- Born: 13 June 1658 London, England
- Died: 11 February 1711 (aged 52)

= Richard Duke =

English clergyman and poet

Richard Duke (13 June 1658 – 11 February 1711) was an English clergyman and poet, associated with the Tory writers of the Restoration era.

==Life==
He was born in London, son of Richard Duke, and was admitted to Westminster School in 1670. He was elected to Trinity College, Cambridge, in 1675, and proceeded B.A. in 1678, M.A. in 1682. He mingled with courtiers, playwrights and actors, and was a general favourite.

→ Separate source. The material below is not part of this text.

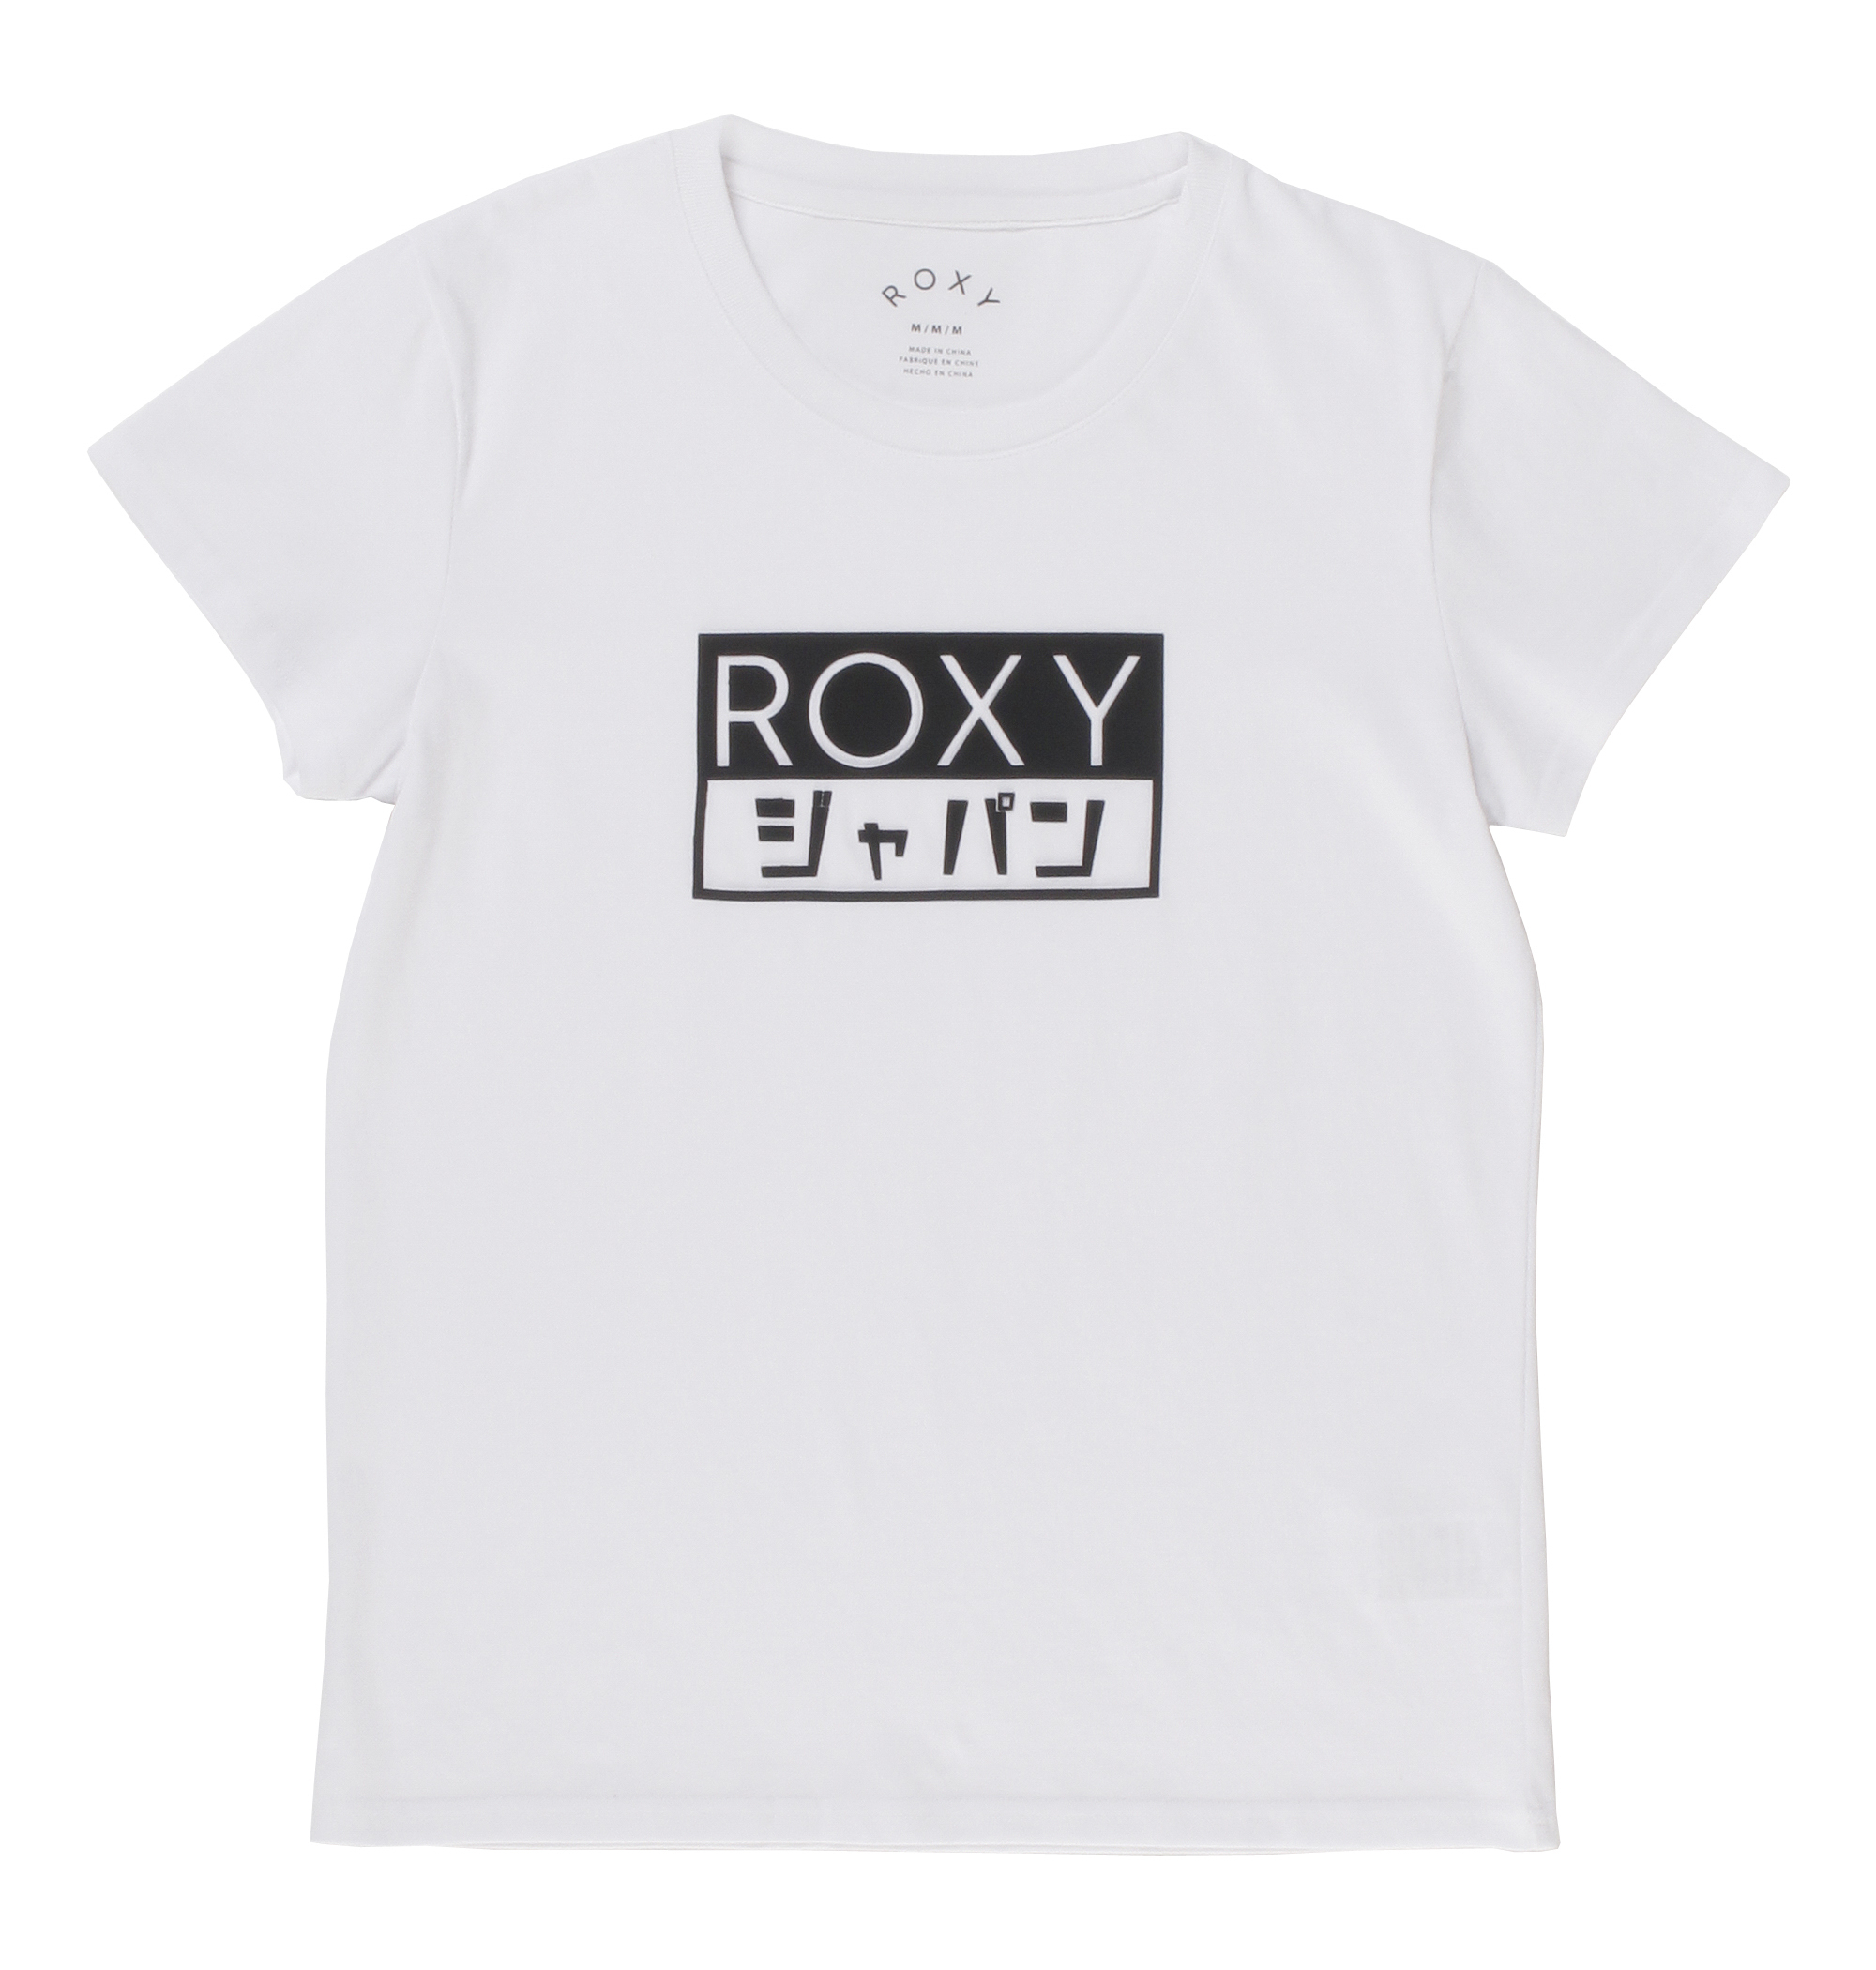 30%OFF！ROXY BOX TEE ボックス状のラバープリントにカタカナロゴを取り入れ、目を引くデザインに仕上げたTシャツ

Before the accession of James II, he entered into holy orders and was in 1687 presented to the rectory of Blaby in Leicestershire. In 1688 he was made a prebendary of Gloucester Cathedral, and soon afterwards became Gloucester proctor in convocation and also chaplain to Queen Anne.

Jonathan Trelawney, bishop of Winchester, in June 1707 made Duke his chaplain, and in July 1710 presented him to the living of Witney, Oxfordshire. Having returned from an entertainment on Saturday night, 10 February 1711, he was found dead in his bed next morning.

Francis Atterbury and Matthew Prior had been among his close friends, and on 16 February Jonathan Swift recorded Duke's death in his Journal to Stella, describing him as a wit.

==Works==
He probably wrote much satirical verse, which can only be identified occasionally by internal evidence. Among works by Duke was the caustic satire on Titus Oates, printed by Nathanael Thompson, ‘A Panegyrick upon Oates,’ which is referred to in Duke's acknowledged companion poem, ‘An Epithalamium upon the Marriage of Captain William Bedloe,’ issued at Christmas 1679, and this was followed, near the end of August 1680, by ‘Funeral Tears upon the Death of Captain William Bedloe.’

He complimented the queen at Cambridge, September 1681. With Wentworth Dillon, 4th Earl of Roscommon, Duke wrote several lampoons on the Duke of Monmouth during his so-called progresses in the west. He wrote in 1683, while a fellow of Trinity, an ‘Ode on the Marriage of Prince George of Denmark and the Lady Anne.’ On the death of Charles II he produced a poem beginning ‘If the indulgent Muse,’ &c.

He translated the fifth elegy of Ovid's book i., the fourth and eighth odes of Horace, book ii.; the ninth ode (Horace and Lydia) of book iii., and the Cyclops, idyl xi., of Theocritus, for John Dryden, with whom he appears to have been on terms of friendship, although he addressed him elsewhere as ‘the unknown author of “Absalom and Achitophel.”’ He praised him in a poem for his adaptation of Troilus and Cressida; he also complimented Thomas Creech (for his Lucretius), Nathaniel Lee, Thomas Otway, and Edmund Waller. He translated two of Ovid's epistles in 1683.

He wrote several original Latin poems and a translation of Juvenal's fourth satire. To Dryden's third ‘Miscellany,’ 1693, he contributed anonymously two amatory songs. His ‘Detestation of Civil War’ is expressed in a poem ‘To the People of England.’ One of his Dryden ‘Miscellany’ poems, ‘Floriana,’ had in 1684 celebrated the Countess of Southampton.

Three of his sermons were separately published, while he was rector of Blaby and prebendary of Gloucester. A small volume of fifteen sermons, praised by Felton, was issued at Oxford in 1714.

Duke's ‘Poems upon Several Occasions’ were collected in 1717, and published in conjunction with those of Roscommon, including the fragmentary beginning of ‘The Review,’ declared to have been never before printed. Jacob Tonson says that it was written ‘a little after the publishing of Mr. Dryden's “Absalom and Achitophel,”’ November 1681; ‘he was persuaded to undertake it by Mr. Sheridan, then secretary to the Duke of York; but Mr. Duke, finding Mr. Sheridan designed to make use of his pen to vent his spleen against several persons at court that were of another party than that he was engaged in, broke off proceeding in it, and left it as it is now printed.’